The Bakersfield Republican got a quizzical call back from a White House staffer who wanted to know if it was actually him who left a message, according to McCarthy’s retelling during a record-long House floor speech in November. President Biden followed up with a call, in which the two men clashed over the last Americans left in the country as the U.S.’ longest war ended.

It was the only publicly known one-on-one call during the first 16 months of the Biden administration between the president and the man who could be speaker of the House next year, political rivals who would be part of the small cadre of elected leaders responsible for keeping the government funded and avoiding a catastrophic default on the nation’s debt.

If, as is widely expected, Republicans win control of the House in this fall’s midterm elections, the lack of a personal relationship between the two leaders could have significant, wide-ranging consequences for governing.
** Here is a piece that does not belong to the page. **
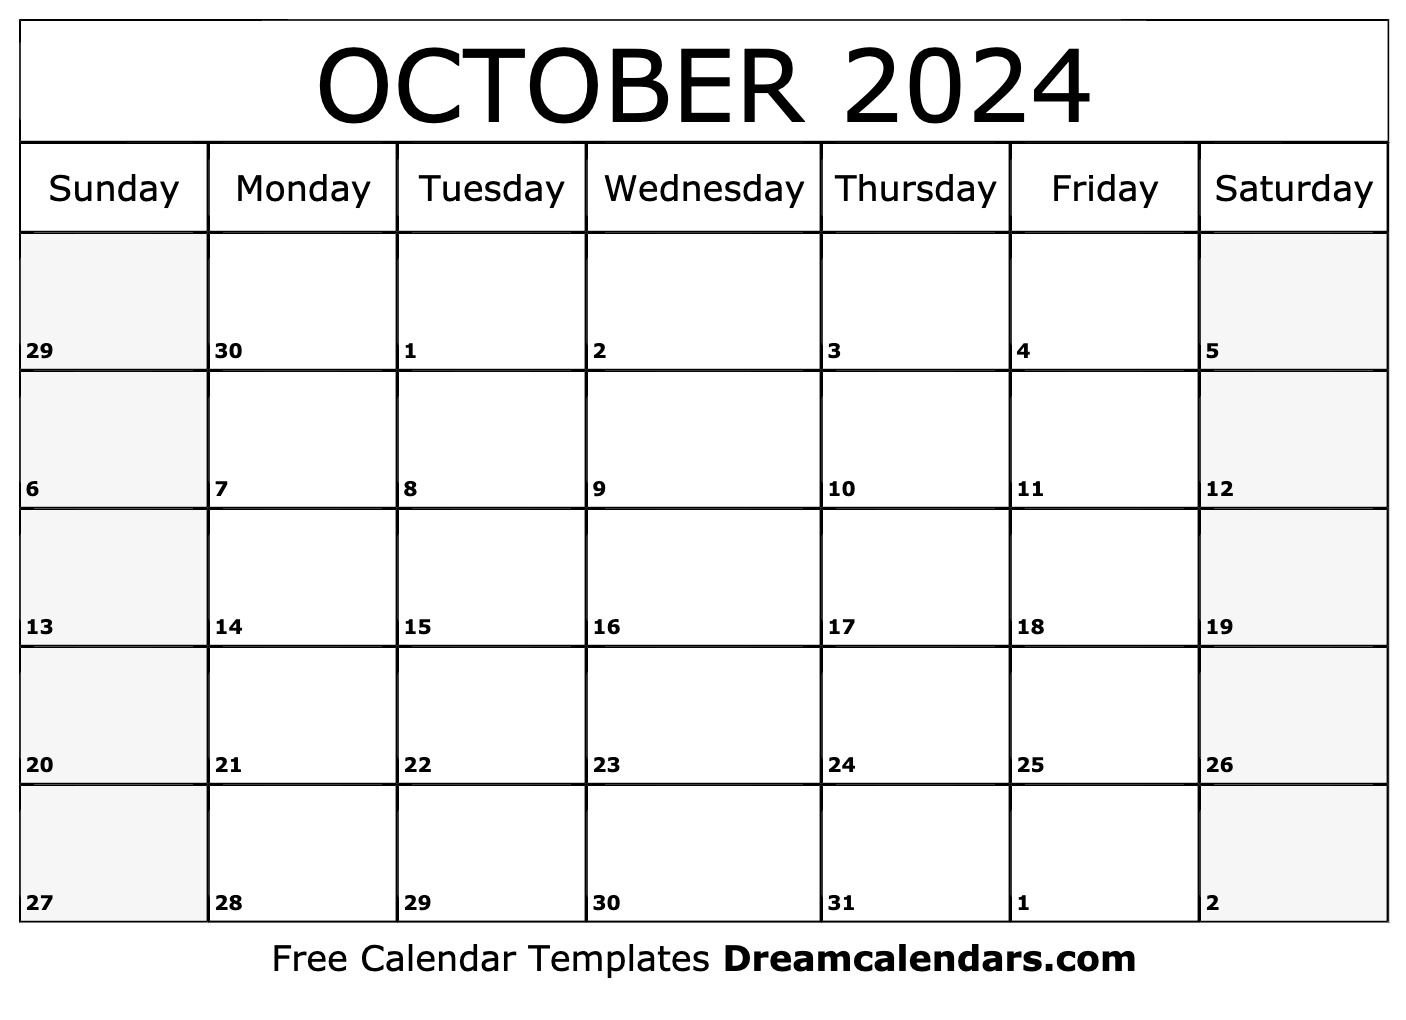 October 2024 Calendar | Free Blank Printable With Holidays for Calendar 2024 October Printable
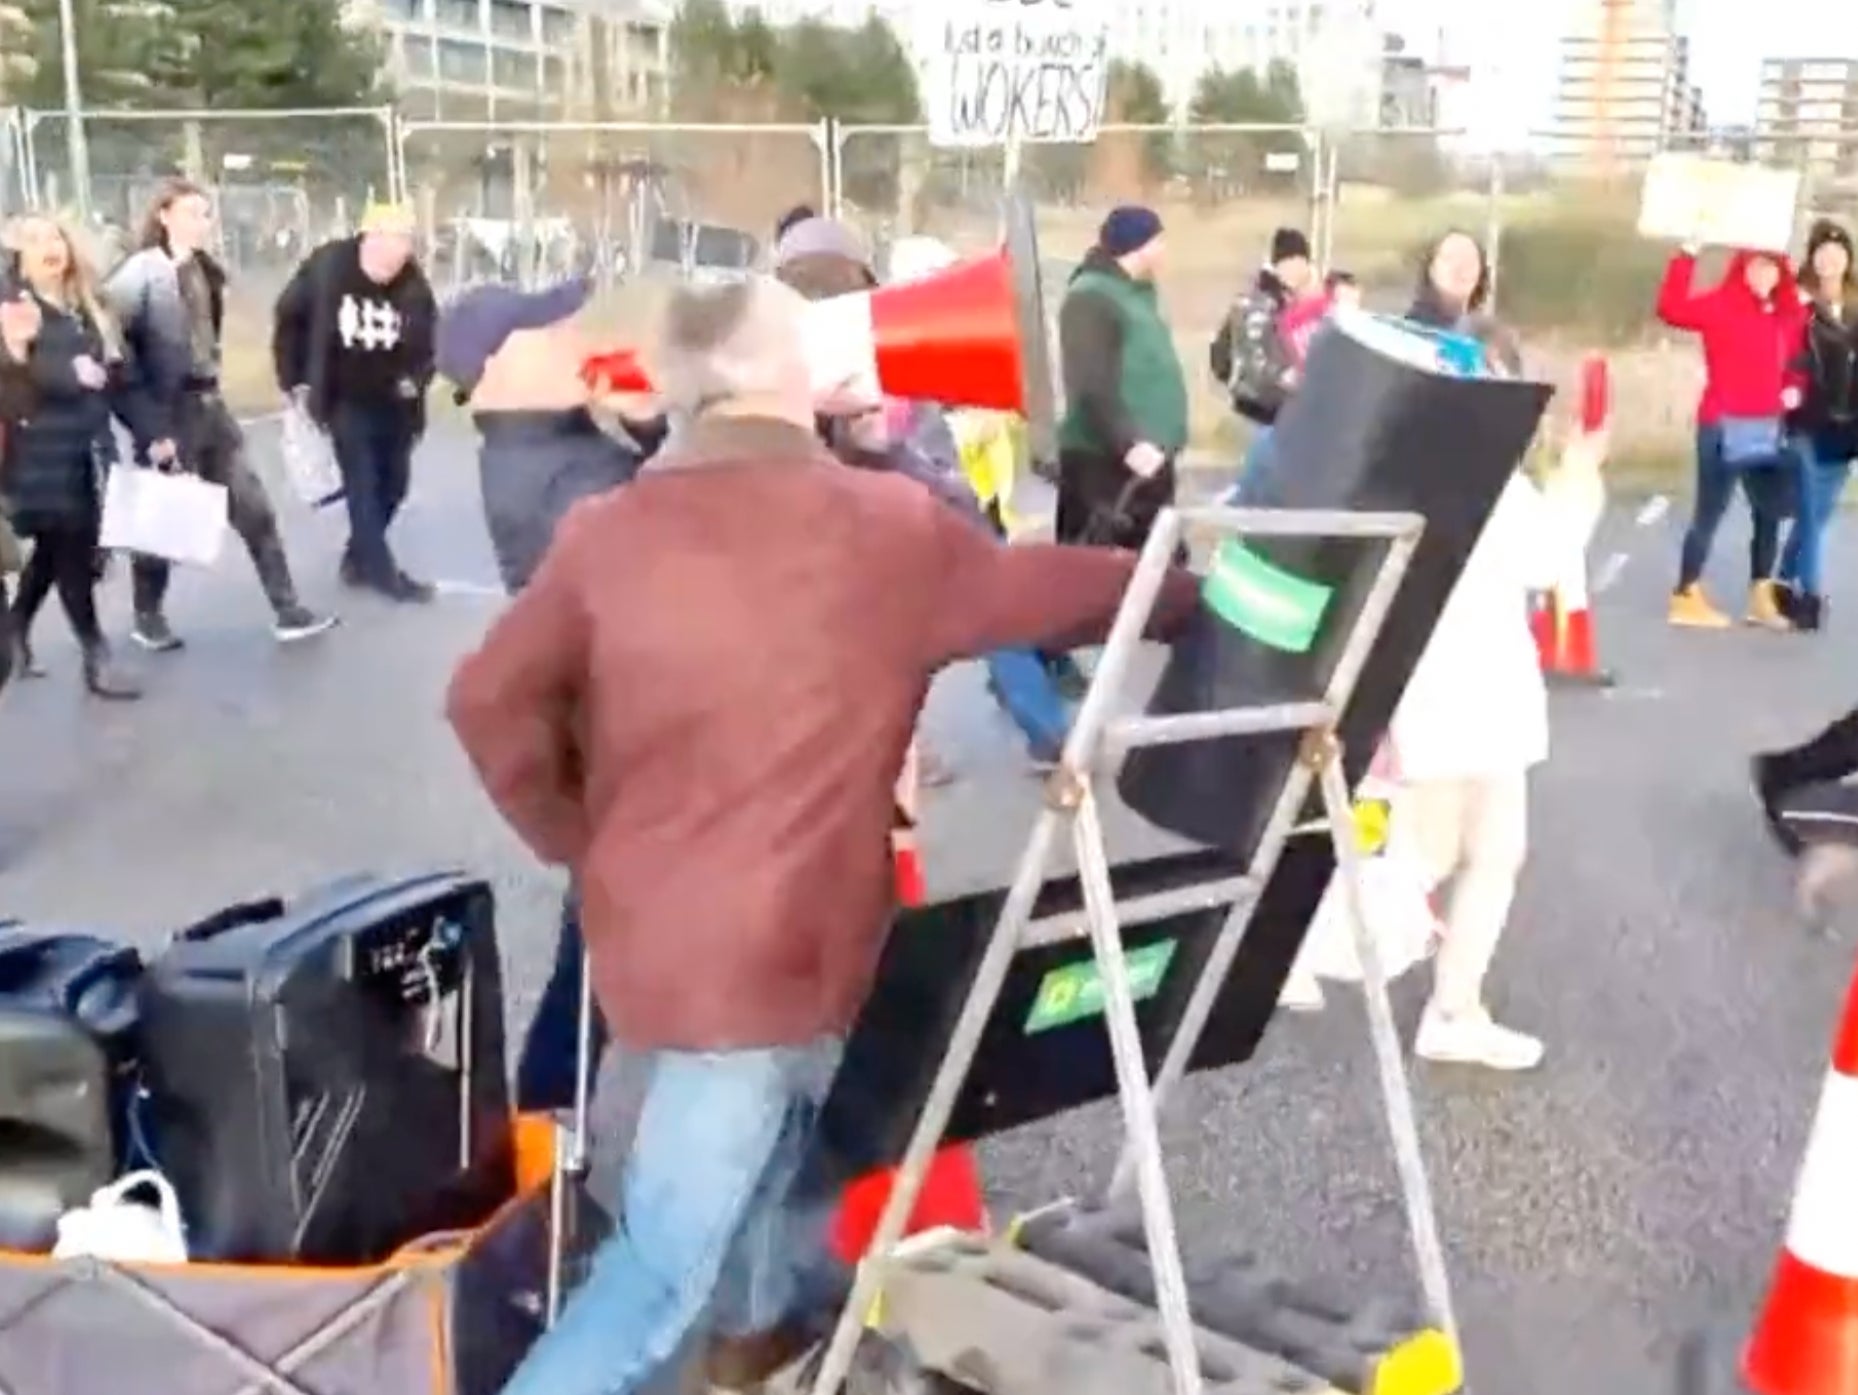 A protester knocking over a sign at a Milton Keynes testing site after hurling a cone

Anything Biden wants to get through Congress — including must-pass bills such as a debt limit increase, response to a natural disaster and other ambitious legislation — would run through a potentially tumultuous House lacking any leader who shares a history with the president.

As McCarthy recounted the switchboard story on Fox News last week, he called it “the one time the president actually took my call.”

It’s unclear whether McCarthy had no other contact information for a senior White House staffer who could connect him to the president or favored the political theater of a call to the public White House number. McCarthy’s office declined to answer questions about the call or any other attempt to reach out to Biden. The Biden administration did not dispute the account and declined to share any details on its interactions with McCarthy.

There is a long history of friendly or adversarial relationships between speakers of one party and presidents of the other. Most famously, Republican President Reagan enjoyed a friendly partnership with Democratic Speaker Tip O’Neill. At the other end of the spectrum, Speaker Nancy Pelosi openly feuded with President Trump. Speaker John A. Boehner vacillated between sparring with President Obama and cutting deals over cigarettes (Boehner’s) and Nicorette gum (Obama’s).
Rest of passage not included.